Burma: Forgotten and locked in the shadow of the past
Nearly 20 years ago, Burma, the hermit of south-east Asia, and under military rule since 1962, almost experienced a revolution.
The student uprising of August 1988 vented the fury and frustration of a people whose future, so promising at the time of independence from Britain, had turned into a nightmare of tyranny, stagnation and whimsical socialism dictated by the military dictator Ne Win.
One year before the far more celebrated act of Chinese popular defiance at Tiananmen Square, Burma's "8/8/88" uprising was violently suppressed with the loss of thousands of lives.
But despite the brutality of the army's assaults - aided by the fact that, unlike China, Burma was essentially off the map for the West, and most of the killings went unrecorded by the foreign media - the Burmese people emerged victorious.
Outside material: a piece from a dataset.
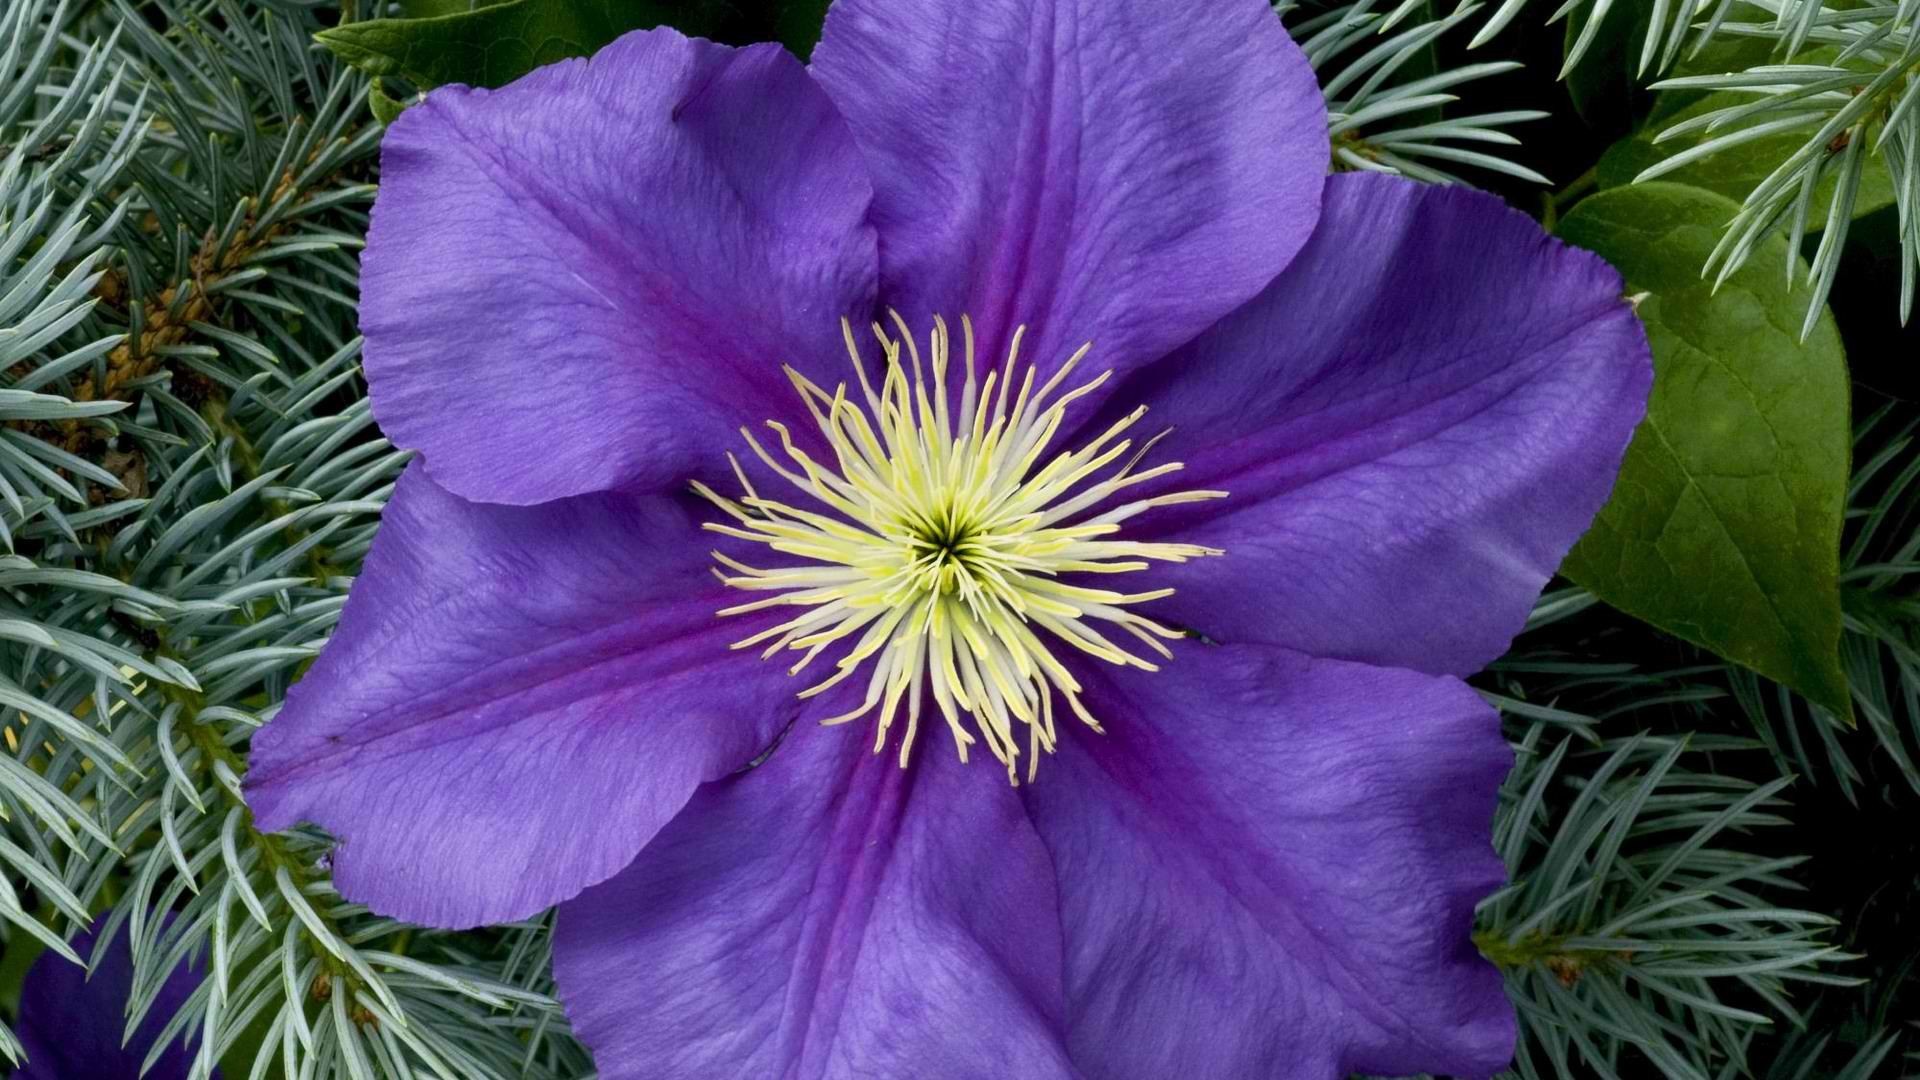 General 1920x1080 purple flowers flowers plants
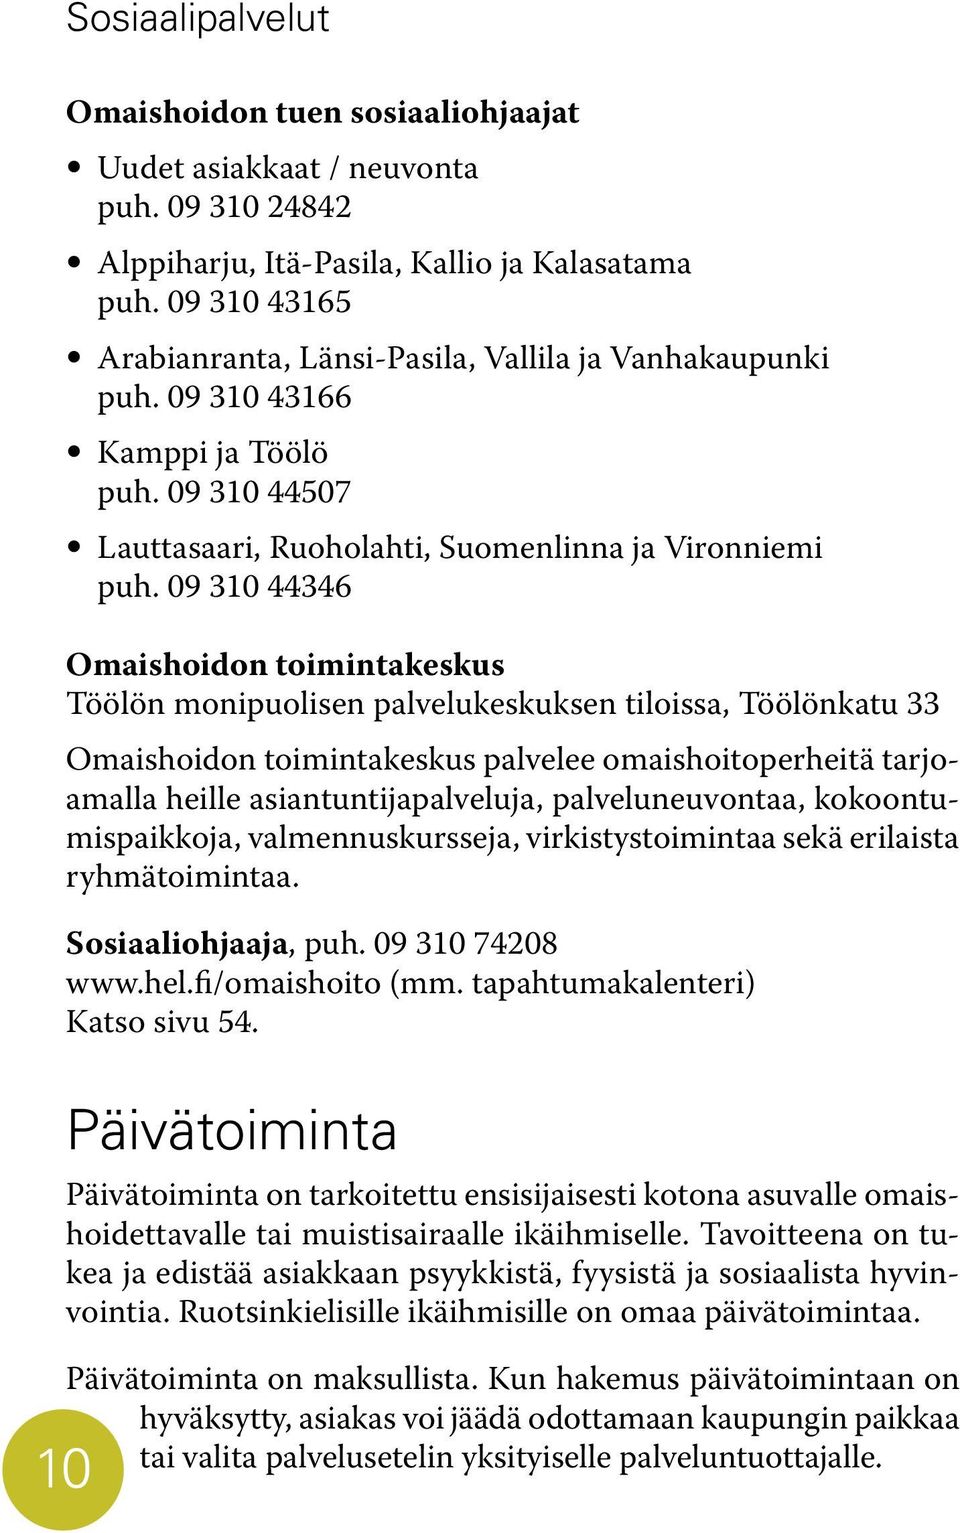 09 310 44346 Omaishoidon toimintakeskus Töölön monipuolisen palvelukeskuksen tiloissa, Töölönkatu 33 Omaishoidon toimintakeskus palvelee omaishoitoperheitä tarjoamalla heille asiantuntijapalveluja,

Ne Win went into retirement. A new set of generals took his place, calling themselves SLROC, the State Law and Order Restoration Council, but in acknowledgment of the justice of the people's demands they conceded general elections.
That was one triumph. The other was that, in the cauldron of the uprising, Burma had found a leader. Aung San Suu Kyi, the only daughter of the hero of Burma's struggles against Japanese and British colonialism, was in Rangoon by chance in the summer of 1988. She lived with her family in Oxford, but had returned to the parental home to look after her seriously ill mother.
Living abroad throughout her adult life, Suu Kyi's involvement in Burmese affairs had until that point been very limited. But caught up in the drama of the uprising, she grasped the need of the moment and became the figurehead of the regime's opponents. And yet she was far more than a figurehead: bringing her knowledge and experience of democracy, from India to Britain, she gave the rebels a degree of political maturity that they would have lacked without her.
The fruit of the uprising was the general election, held in 1990. Astonishingly it was relatively free and fair, and Suu Kyi's party, the National League for Democracy won a landslide victory. But despite that mandate and the momentum for radical change that it represented, the process was already curdling, the generals were busy hauling down the shutters. Suu Kyi, her potency as a leader recognised by the generals, was locked up in her home before the nation went to the polls. She remained there in the glow of victory - and then the junta refused to recognise the result.
That was 17 years ago, and Burma has been living in the deep shadow of those events ever since. The ruling junta have consolidated their power: by keeping Suu Kyi locked away (she has been given her freedom several times since, but every time she proves to be as popular as ever, she is isolated again); by handing out ferocious jail sentences to her supporters and anyone else who defies the regime; and by conducting unending, brutal wars against the ethnic minorities on the country's borders. Burma's wealth of resources have encouraged companies such as Total, the French oil giant, to do deals with the regime.
Suu Kyi remains locked in her home, more isolated than ever. And the spasmodic, mostly symobolic pressure from the West has yet to precipitate anything in the way of democratic reform.